Any help on how to solve this?
The range of a projectile launched at an angle θ from the ground with velocity v0 is given by R(θ) = [v0^2 sin 2(θ)]/9.81 . If the projectile is launched at an angle of θ = π/6, use differentials to approximate the percentage change in the range of the
projectile if the angle was increased by 2%.
using T for theta
dR/dT = (Vo^2 /9.81) cos2T
(note max range when T = 45 degrees :) )
100 dT/T = 2
dT = .02 T = .02 * pi/6
dR = (Vo^2 /9.81) cos2T dT
100 dR/R = cos 2T dT / sin 2T
To find the percentage change in the range of the projectile, we need to calculate the differential of the range with respect to the angle and use it to approximate the change.
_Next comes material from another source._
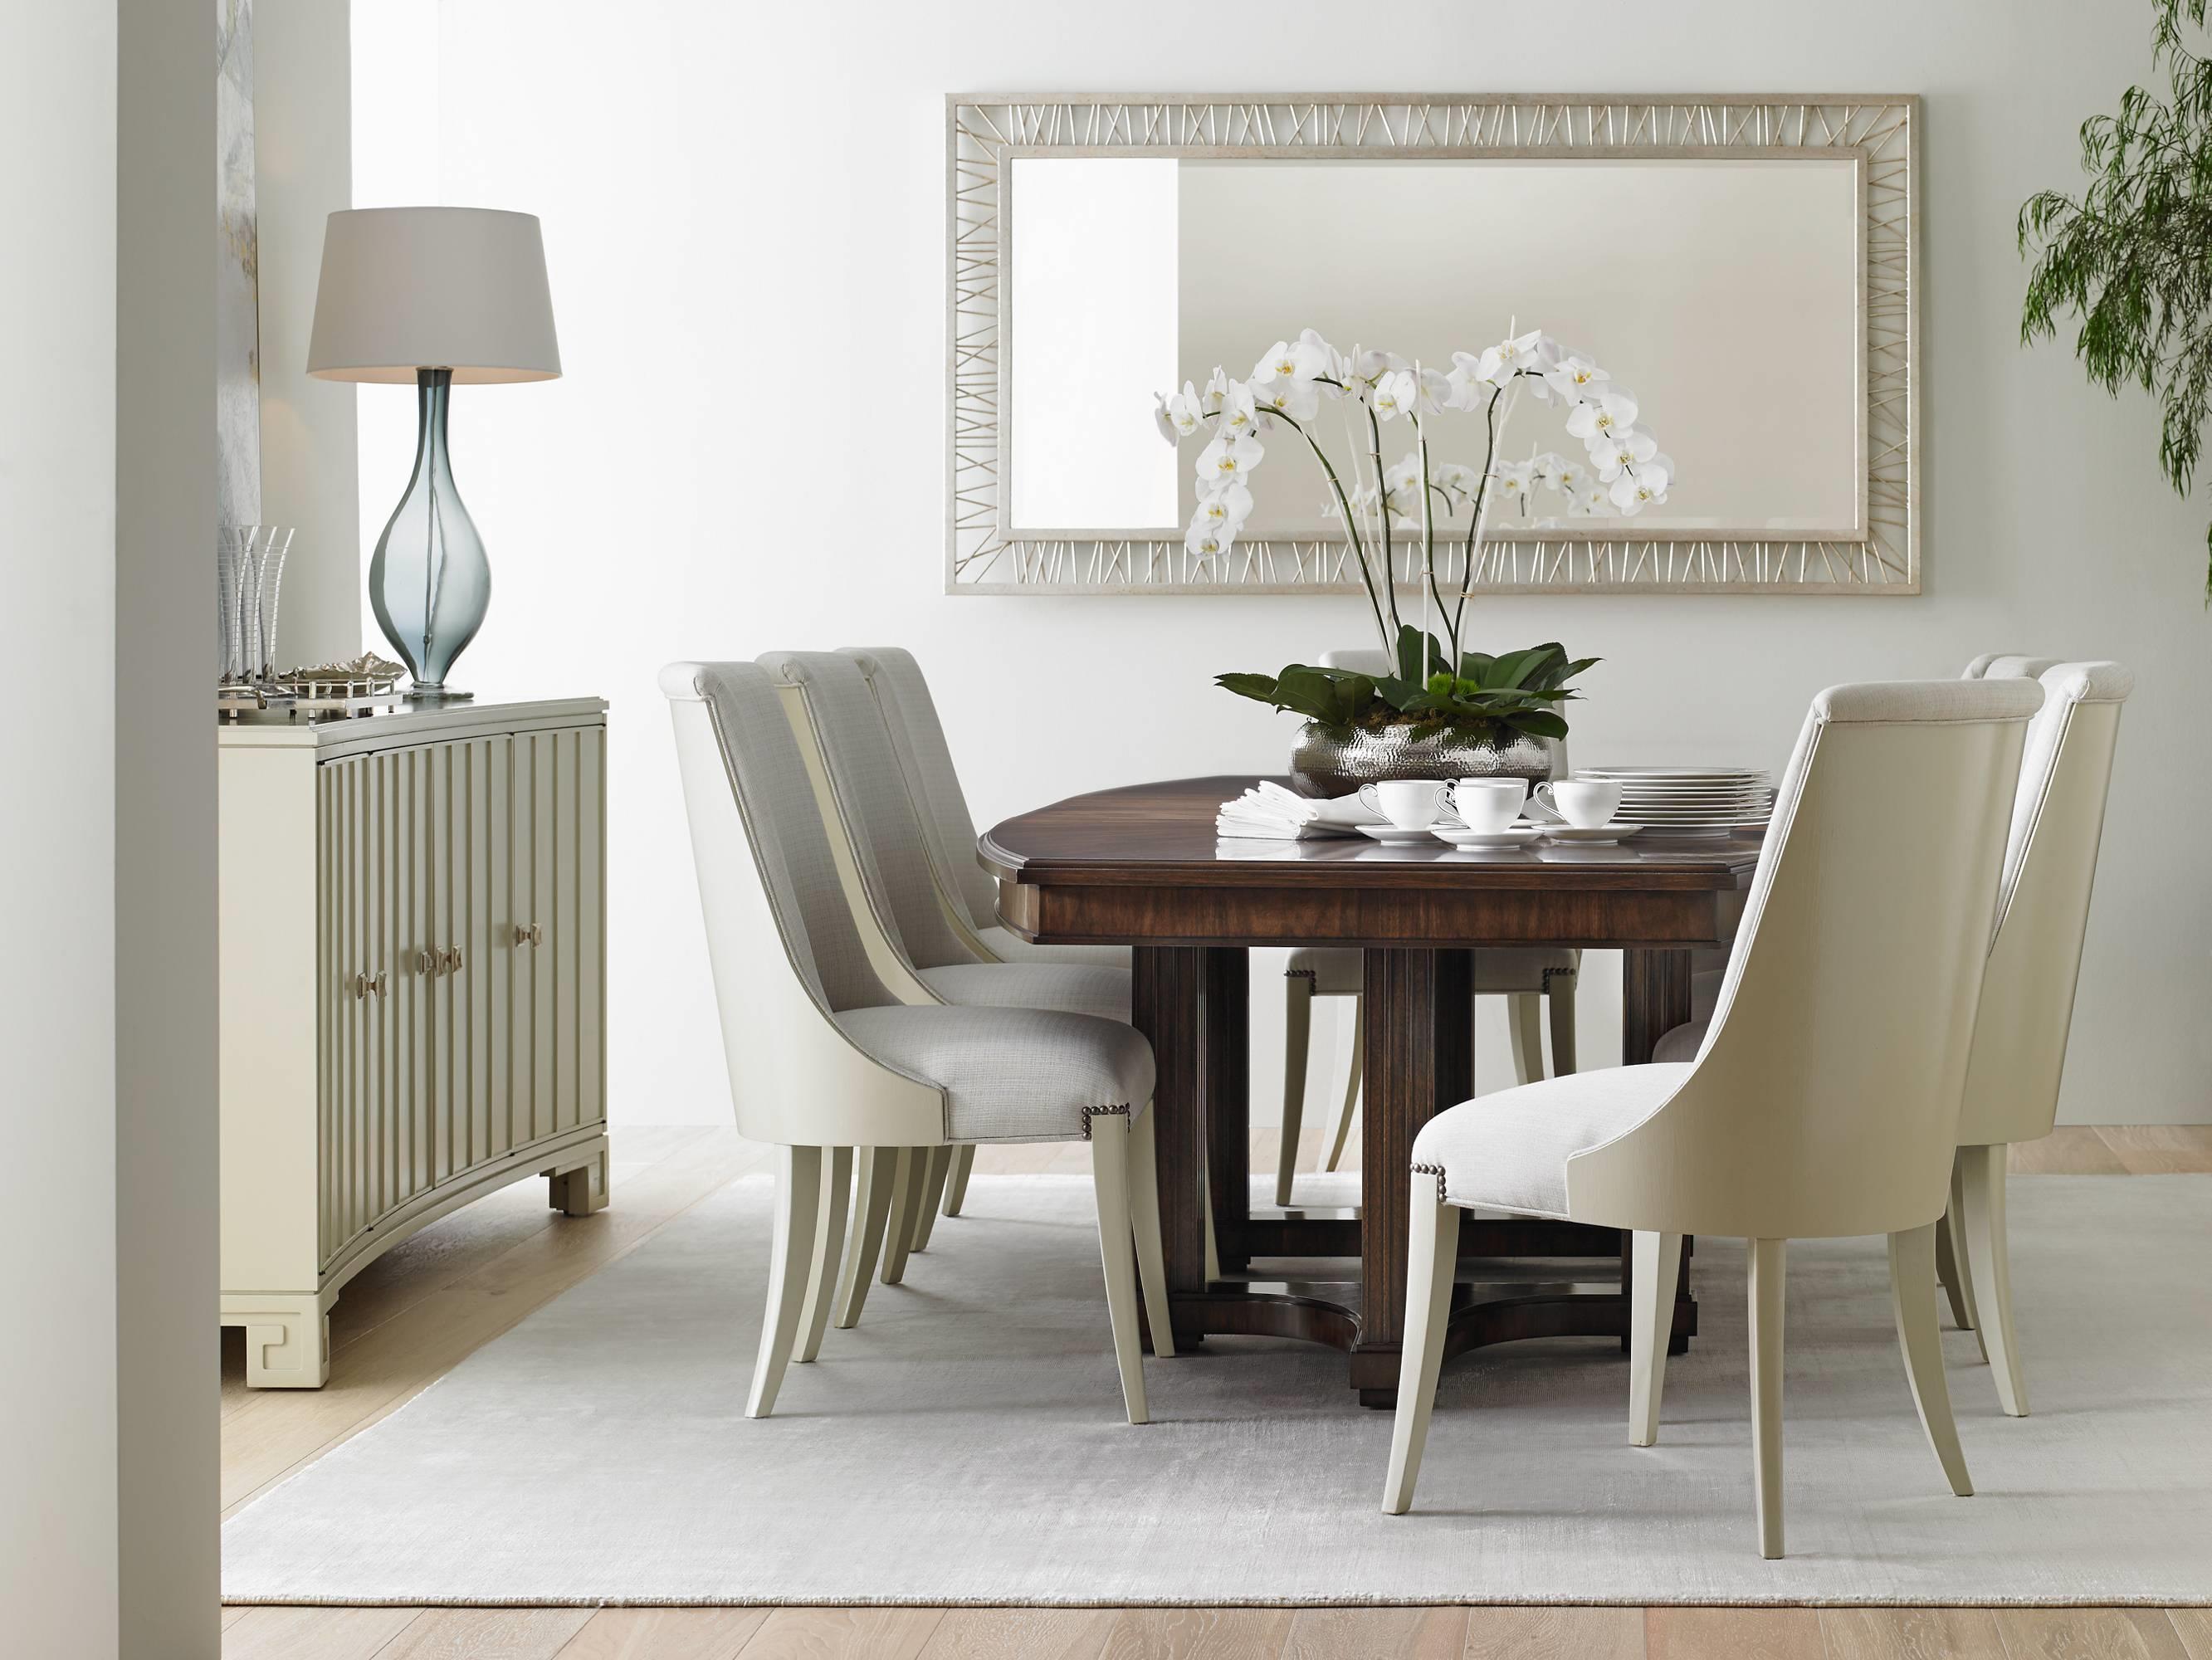 Stanley Furniture Crestaire Formal Dining Room Group - Item Number: 436-1 Dining Room Group 2
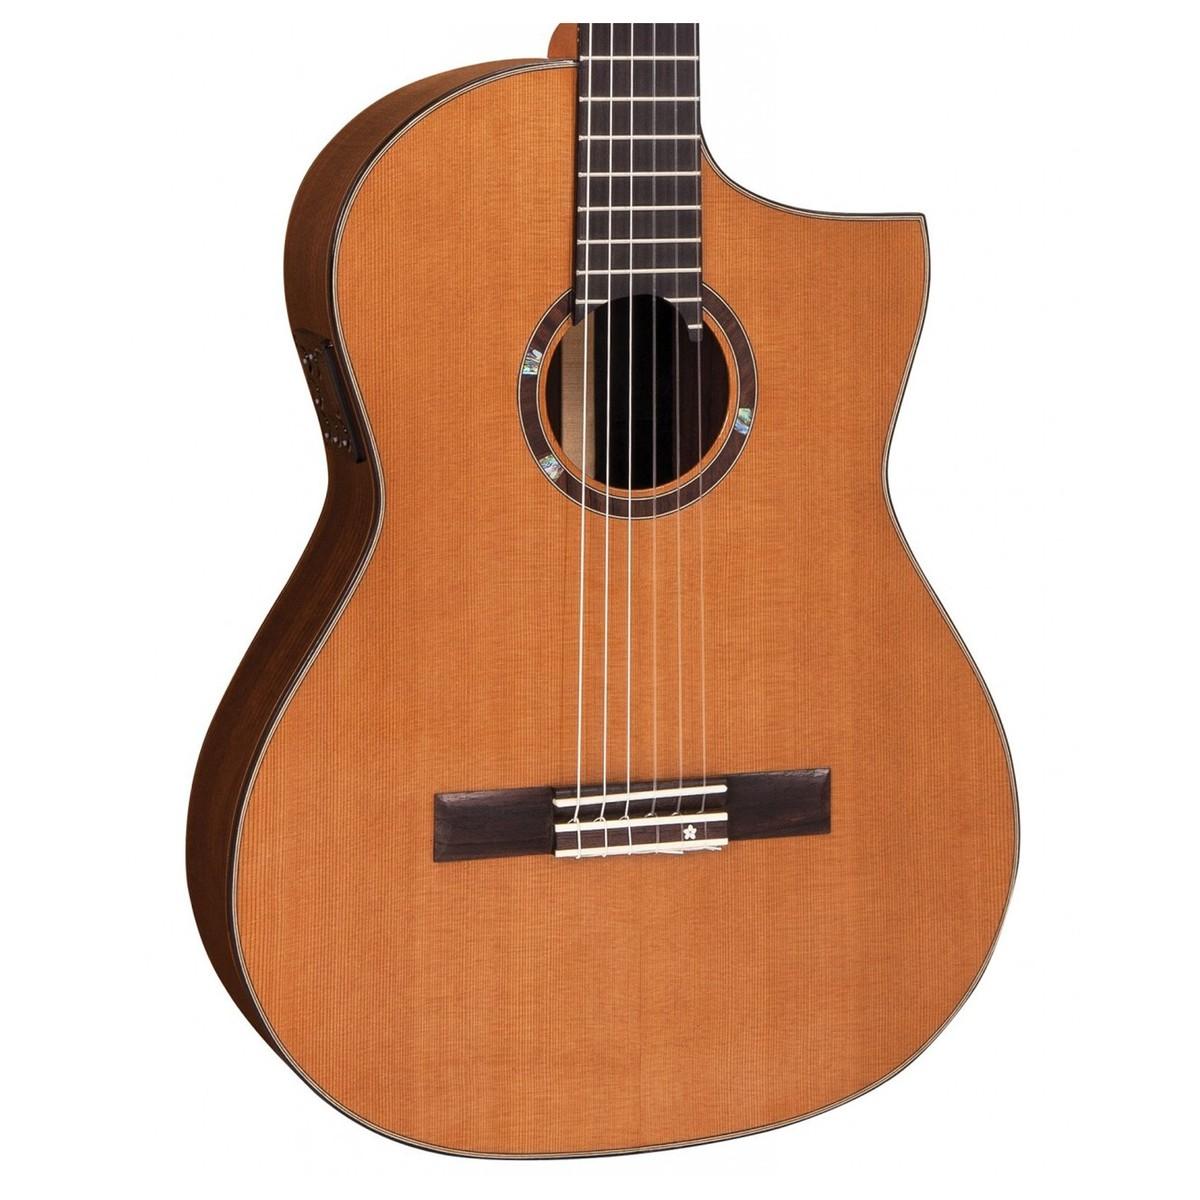 vintage roger williams nylon electro acoustic crossover guitar at. Black Bedroom Furniture Sets. Home Design Ideas

1. Start by differentiating the range equation with respect to θ:
dR(θ) = d([v0^2 sin 2(θ)]/9.81)
2. Apply the chain rule to differentiate sin 2(θ):
dR(θ) = [v0^2 cos 2(θ)]/4.905 dθ
3. Substitute the given angle θ = π/6 and its change of 2% (in radians) into the differential equation:
dR(π/6) = [v0^2 cos 2(π/6)]/4.905 (0.02)
4. Calculate the new range R_new by adding the differential to the original range R_old:
R_new = R(π/6) + dR(π/6)
5. Calculate the percentage change in range:
Percentage Change = [(R_new - R_old)/R_old] * 100
By following these steps, you should be able to approximate the percentage change in the range of the projectile.